Real engineers understand the need to work with the structures inherent to their materials. Unfortunately social engineers don’t look at real people this way. (Perhaps because they don’t have a background in the real sciences.) For social engineers human beings are not subject to a human nature. These engineers believe in the freedom of the blank page. Anything less than that compromises our freedom to make whatever we please of ourselves.

Blank pages are not really blank

I was trained as a visual artist and I know some things about blank pages. For one thing, to actually draw something you must begin. Once you’ve begun, then what you’ve done goes a long way toward determining what you end up with. And if freedom is a blank page, the further you progress, the less freedom you have. (No wonder people can’t decide what to watch on television.)

But that’s not even the full story. Pages are never really blank. They come in different weights and textures. Some are designed for pen and ink, others for watercolors, others for oils. So the page contributes to the work–the quality of the work and what you can do on the page are limited by what the paper will permit. (And that’s not even considering the medium you’re working in or your tools and their quality.) So even the page inhibits your freedom.

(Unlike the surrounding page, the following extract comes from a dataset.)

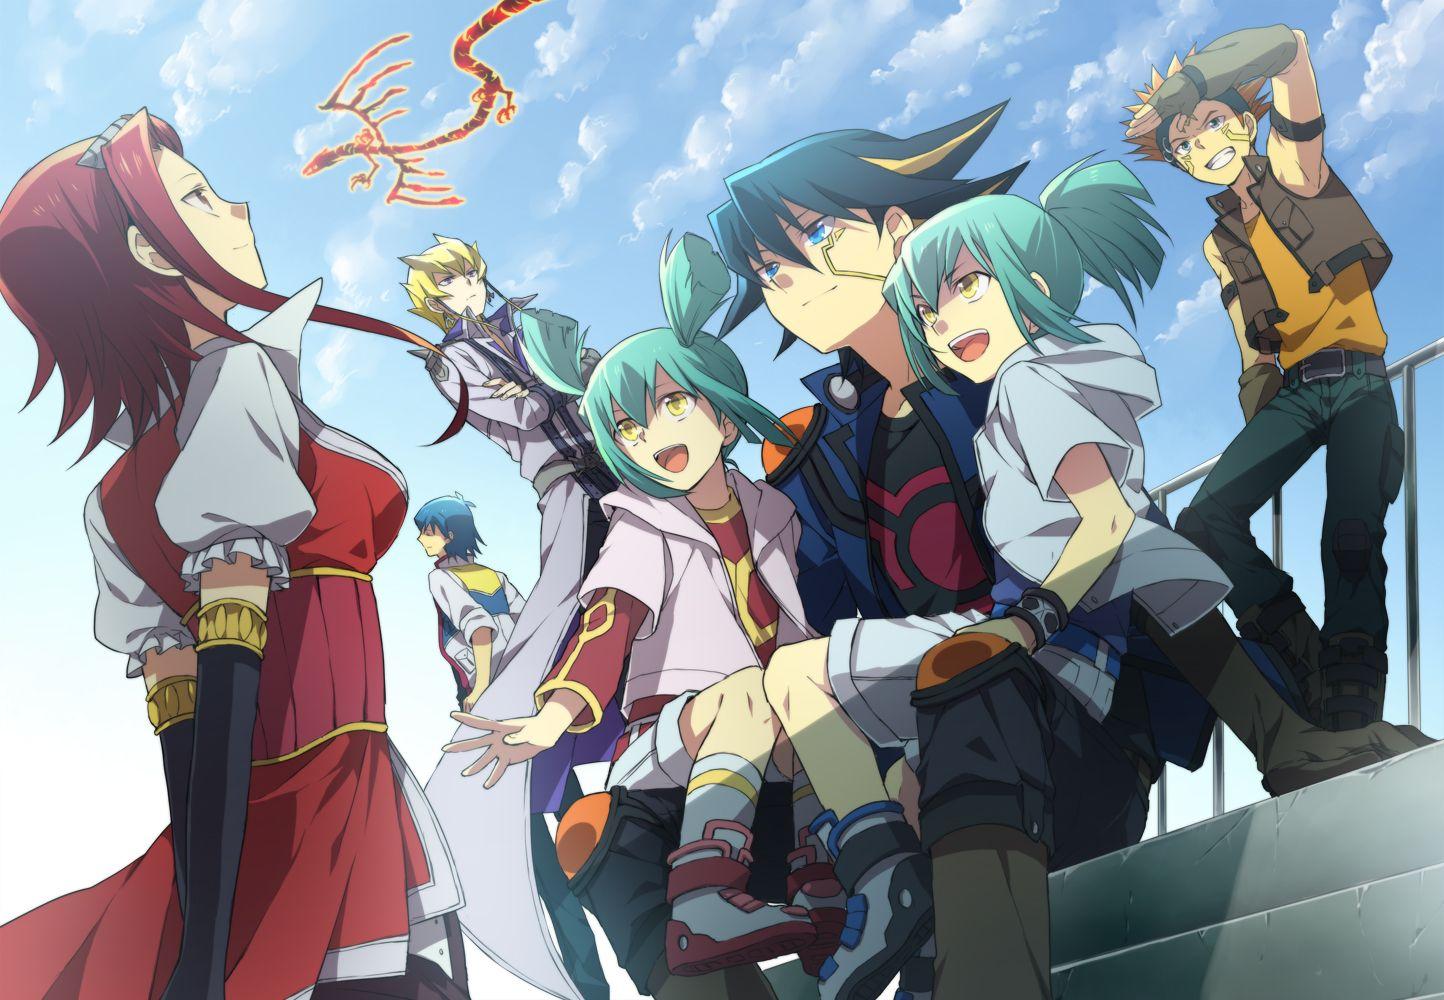 Pin by Ashley Doran on YUGIOH! 5ds Anime, Yugioh

But wait! There’s more bad news. There’s the whole matter of skill. Just because you’ve got the right paper and the best medium for what you want to do doesn’t mean you’ll actually be able to create the thing you envision. You may have no ability.

In art school the thing you do to hone your skill is copy. You copy great works of art, you use models and you work hard to reproduce what you see. And the reason you do these things, even in the age of photography, is because you want to be able to produce what you want to produce. Copying comes first, then comes creating your own work.

Not just freedom from, freedom for

What the preachers of the blank page miss is the real nature of freedom. Freedom is not keeping your options open. That’s keeping freedom in abeyance. It can even be a form of bondage–a slavery to indecision and fear.

True freedom is the freedom to pursue the good in truth. It gets you out of yourself. This is what the Apostle Paul was getting at when he spoke of freedom.

It’s a scary thing because freedom is intrinsically moral, not amoral. And this means you can get it wrong. It even means you are subject to judgment, not just your own judgment, but the judgments of others.

This isn’t all that difficult to understand really. We just don’t want to think about it. Amoral freedom comes with enormous blind spots. As I’ve mentioned, it blinds us to the nature of things. And that includes human nature. We’re not self-generating little gods–we’re rational, dependent creatures. Denying this makes us liars.

Where this comes home is at home. So much of the nonsense on gender and alternative lifestyles goes back to the error of the blank page and false notions of freedom. But if it were only the case that we were dealing with blank pages. If we were we could just throw the ugly products of false freedom in file 13. But we’re not. We’re dealing with real people, and human nature–expressed as male and female. And because of an amoral conception of freedom human beings are being trashed and wasted.